Redundancy has to do with vicious circularity (doing the same thing again and again without making progress or learning anything except preoccupation with oneself). Repetition has to do with the spiral: there is always forward growth and momentum in a spiral even as it circles again and again over similar words, patterns, ideas, and themes. When Peter denied Jesus three times in the late darkness of Holy Thursday, he was afraid and redundant; when Jesus asked Peter three times to repeat his belief and love for Jesus in the light of the Resurrection, He was guiding him into freedom through repetition. Redundancy enslaves us; repetition in the truth liberates us. The bitter fruits of redundancy are isolation, complacency, entitlement, and misery. The sweet fruits of repetition are gratitude, humility, joy, and service. The essential difference between redundancy and repetition for the life of any human being is the centrality of God in one’s life; for Catholics it is the centrality of Jesus Christ, true God and true man.
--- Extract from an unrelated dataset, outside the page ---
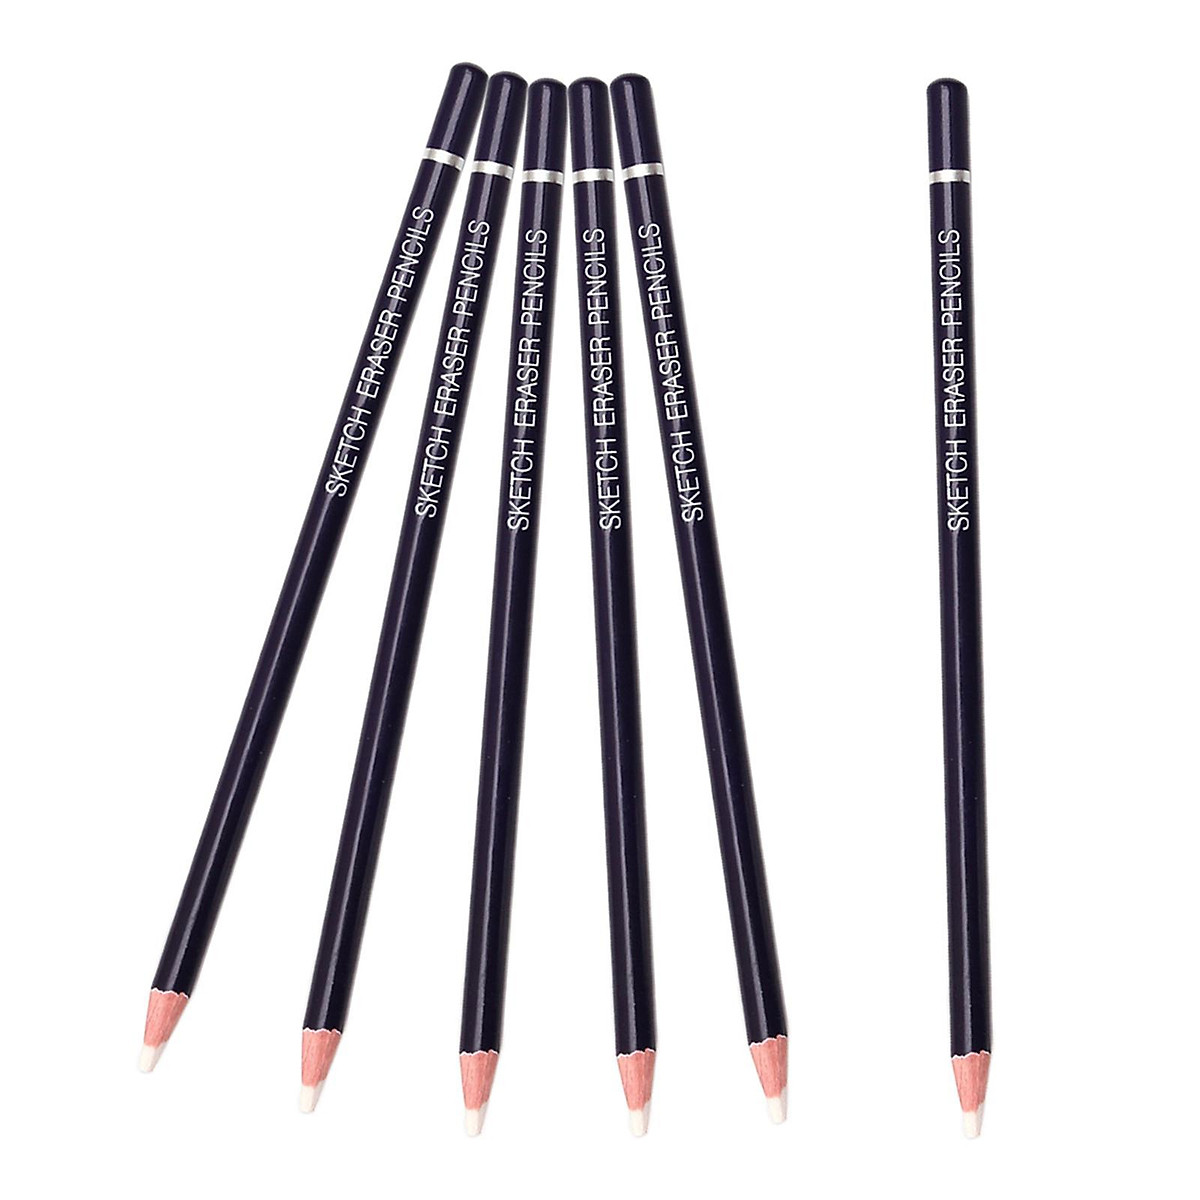 Marspark 13 Pieces Eraser Pencils with Sharpener Artist Eraser Pencil  Drawing Pen-Style Erasers for Drawing Sketch Painting Revise Details Pencil  Home School Office Use - Walmart.com

Your education these past four years has strictly involved the spirit of repetition: repetition of reading and writing; the repetition of an academic schedule and a work schedule, and the repetition of prayer and study. God has led you to this freedom through the love of your fathers and mothers, through the guidance of your teachers, and through the example of your supervisors in your employment at the workplace. Your presence in the workplace as employees and students of Cristo Rey Fort Worth Catholic High School has reminded your fellow workers that God is present in the culture of corporations and that businesses have obligations beyond the financial bottom line or those dictated by today’s oligarchs. The fact of your authentic freedom requires gratitude on your part to almighty God. Without thanking God, you will fast fall into the insane misery of redundancy.

¡Viva Cristo Rey! These are the last words spoken by Blessed Miguel Pro, a Mexican Jesuit priest who was martyred almost 100 years ago. He repeated them throughout his life, his education, and his ministry. Father Pro was tied up and led to his execution, and he stretched out his hands and arms in the shape of Jesus on the cross. Immediately before the firing squad killed him, he shouted out the words, “¡Viva Cristo Rey!” Father Pro was not only known for his education and intelligence but also for his humble dedication to his belief in God and his service to other people and members of the Church. This life and service of Father Pro threatened the regime of the atheist Plutarco Calles whose government was engaged in what the author Graham Greene called, the “fiercest persecution of religion seen anywhere” in many years. The name of your school draws its significance from the courageous witness of this Jesuit priest in the face of the powerful oligarchs who coerced many into a way of life without God. ¡Viva Cristo Rey!

Tonight, we thank God for your education, and we pray for those who have accompanied you in making this possible. As you prepare to enter into collegiate life at the universities where you will go and for which you have been prepared to study, it will be your courageous responsibility in true freedom to keep your focus fixed on God and to make Him known amidst a current society and culture of education that has closed itself to God, replacing Him with the idolatry of narcissism in a godless and redundant religion of anarchy and rage. If you exclude God from your life or only offer Him a secondary place, you will soon find your life to be redundant to the point that even if you enjoy material success, you will be miserable and not flourish as a human being created in the diverse beauty of God’s image and likeness. You cannot be indifferent to the truth. Jesus says also to you tonight in this Mass, what He said to Peter in the Gospel — “feed my sheep.”